FireFox 113.0.2, how come?

vohk · 1d ago
That's a two year old release now. I think Notion may have a fair point on this one.
ramoz · 1d ago
For large codebases and task management, you can empower Claude Code with a simple filesystem framework. https://x.com/backnotprop/status/1929020702453100794

It sees everything it needs to in one pass, no extra reasoning or instruction tokens around things like MCP that abstract and create hops to simple understanding of where things are at.

ramoz · 1d ago
There is something here about the native filesystem and tooling. & some type of insight into what agentic software engineering will look like - I mostly feel like an orchestrator, or validator in the terminal window next to Claude Code where i run tests/related things.
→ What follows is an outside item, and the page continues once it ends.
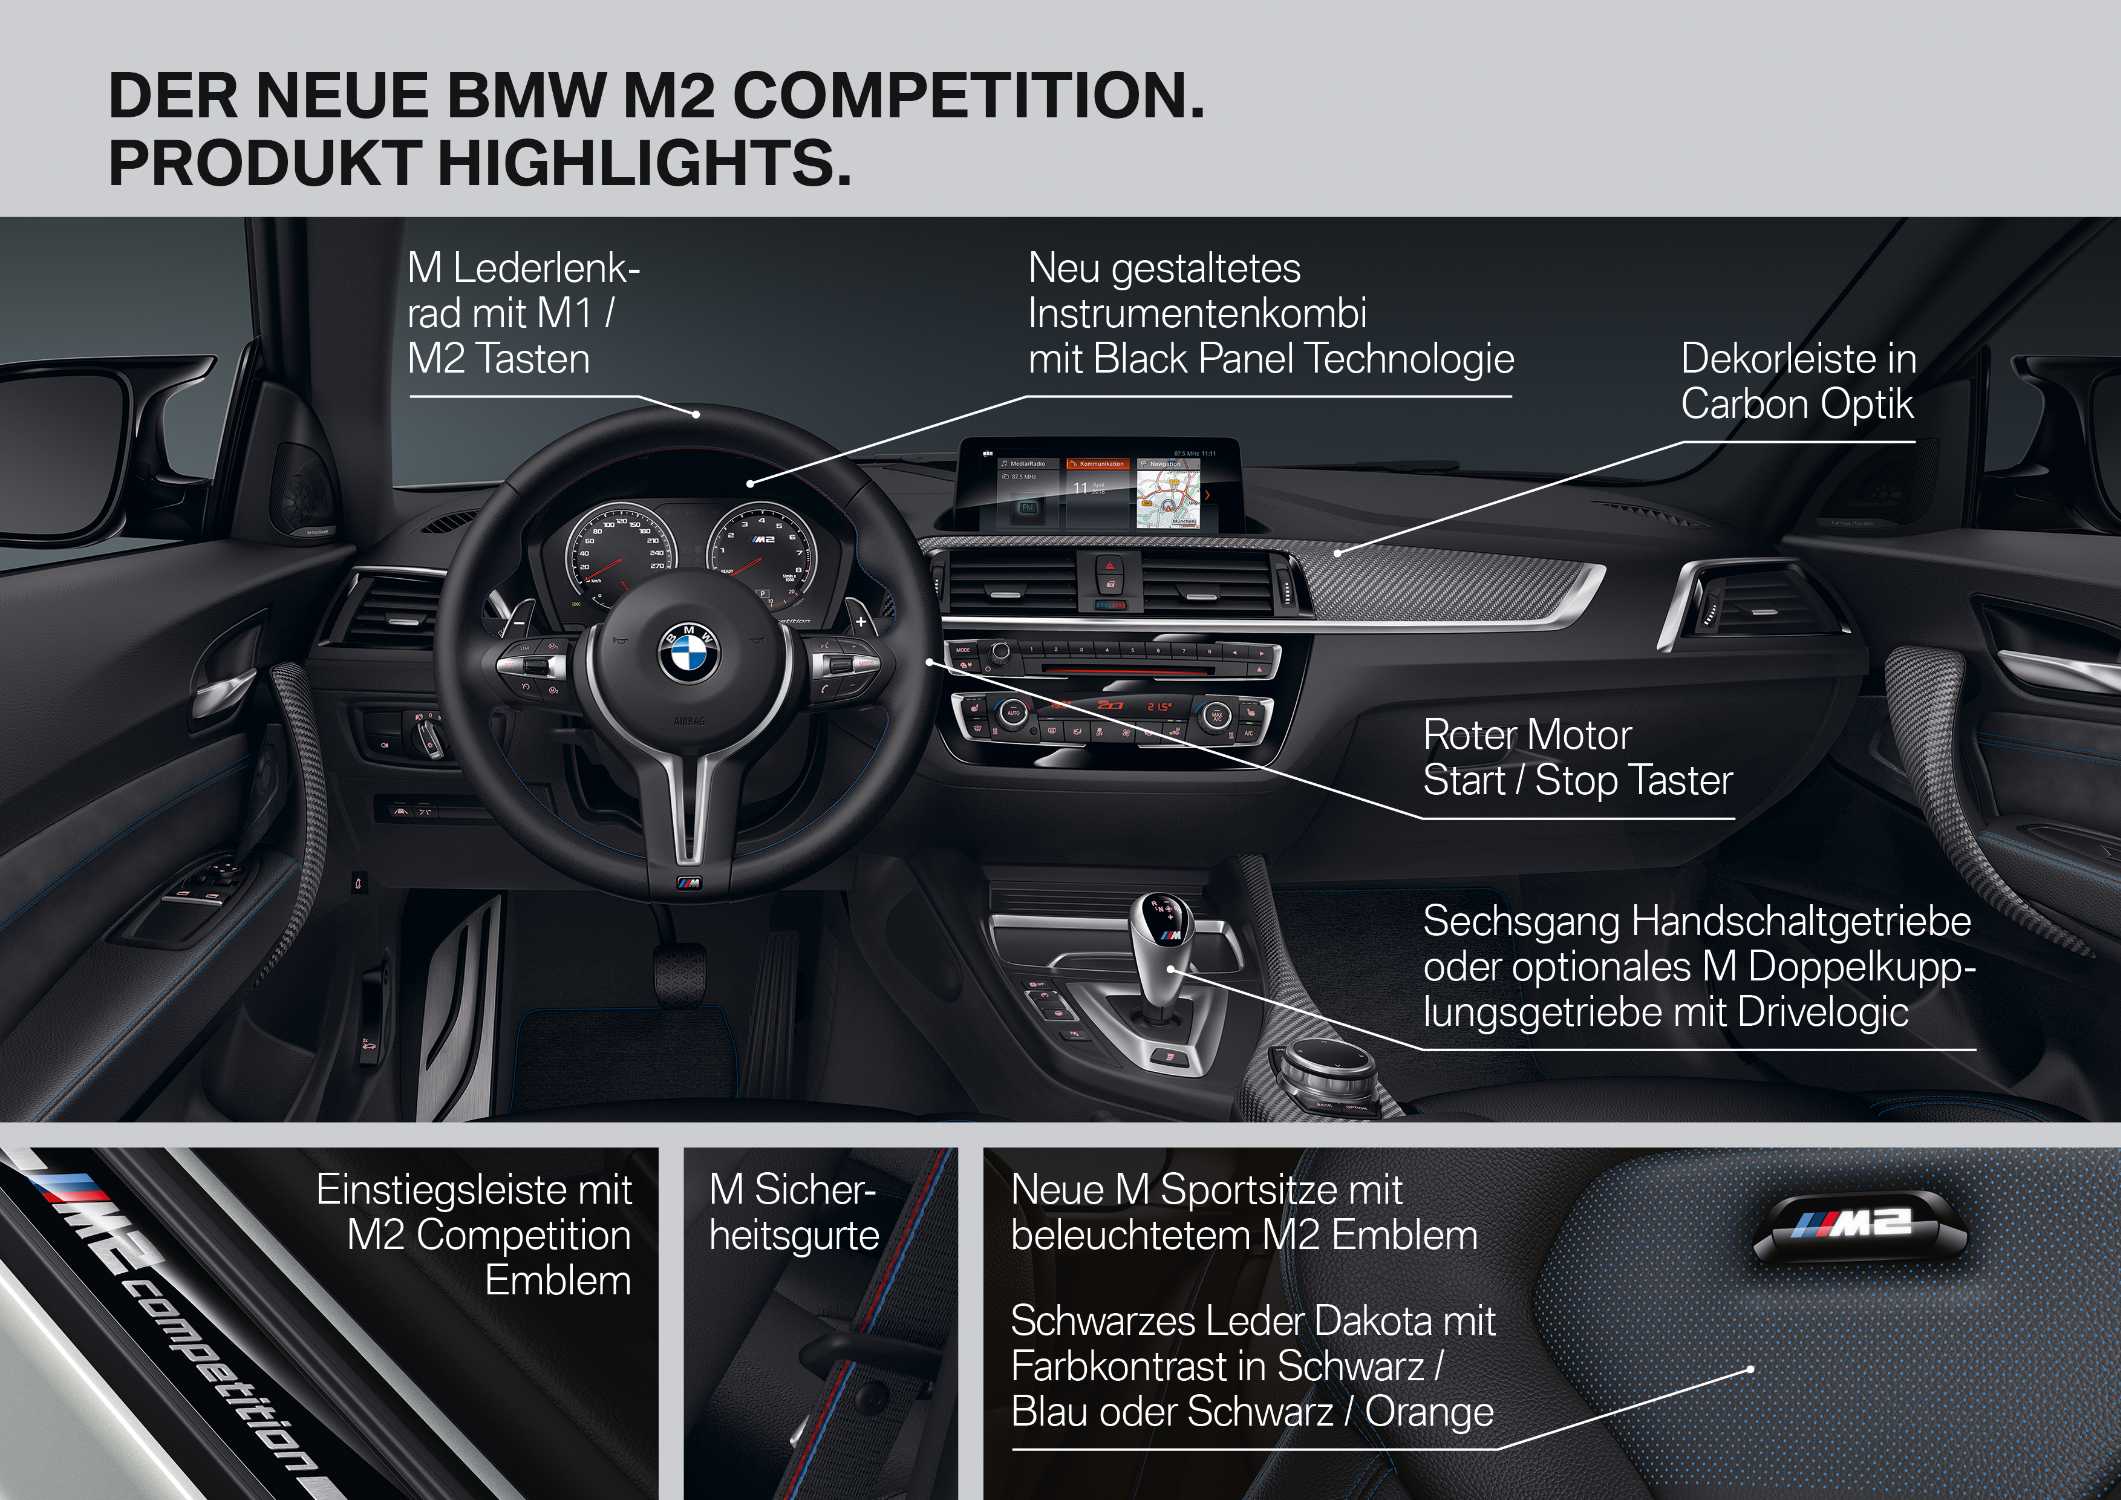 Der neue BMW M2 Competition (04/2018).
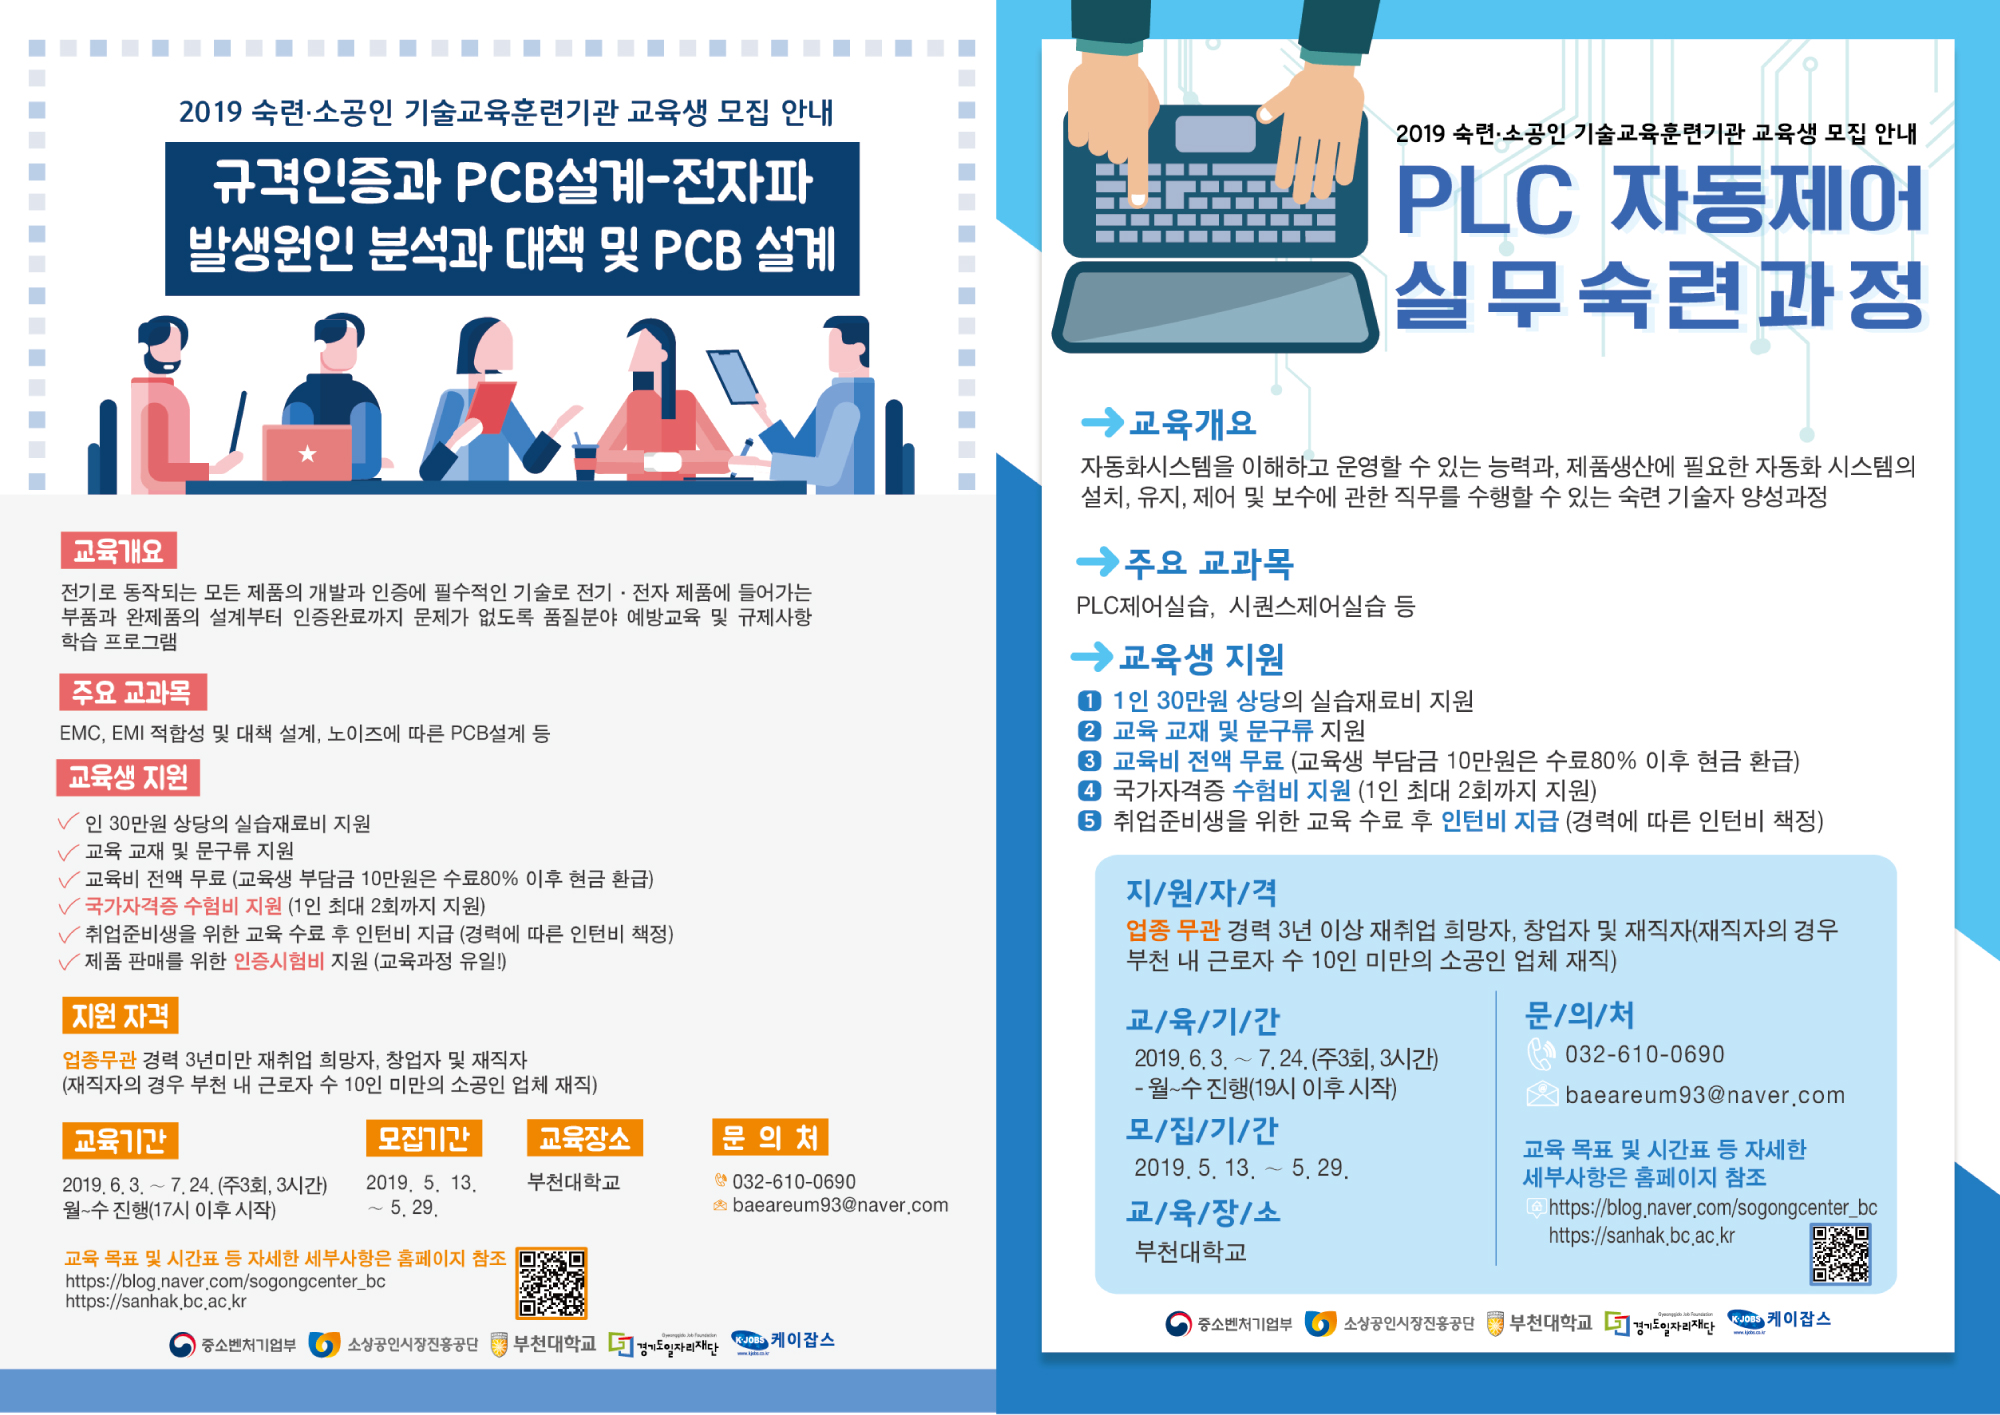 부천대학교 ‘2019 소공인 기술교육훈련기관 운영사업’ 선정 및 교육생 모집

I was never a great terminal developer, I cant even type right - but Claude Code by far provides the best software engineering interface in there terms of LLM/agent UX.

owebmaster · 1d ago
I have nothing against LLM-generated content. But when publishing, make sure the content is displayed correctly and that it is enjoyable to read.
29athrowaway · 1d ago
If you want an example of a good analytical breakdown of some technology, look at this as an example: https://fabiensanglard.net/quake3/network.php

It is good because it highlights the relevant aspects of the design and you can use this, plus some other resources, to replicate the idea.

fullstackchris · 1d ago
also, i will say, (if we can trust the findings in these notes are relatively accurate of the real implementation) is a PERFECT example of the real level of complexity used in cutting edge configuration of using LLM... its not just some complex fancy prompt you give to a model in a chat window... there is so much important stuff happening behind the scenes... though i suppose the people who complain about LLMs hallucinating / screwing up havent tried claude code or any agentic work flows - or, it could be their architecture / code is so poorly written and poorly organized that even the LLM itself struggles to modify it properly
girvo · 1d ago
> or, it could be their architecture / code is so poorly written and poorly organized that even the LLM itself struggles to modify it properly

You wrote this like this is some rare occurrence, and not a description of a bulk of the production code that exists today, even at high level tech companies.

fullstackchris · 1d ago
interesting... the analysis finds that the MCP supports websockets as a transport... when there is big drama going on right now that anthropic said "they will never support that", folks hating SSE, and so on and so forth
numeri · 1d ago
Is the analysis right, or did the LLM hallucinate this?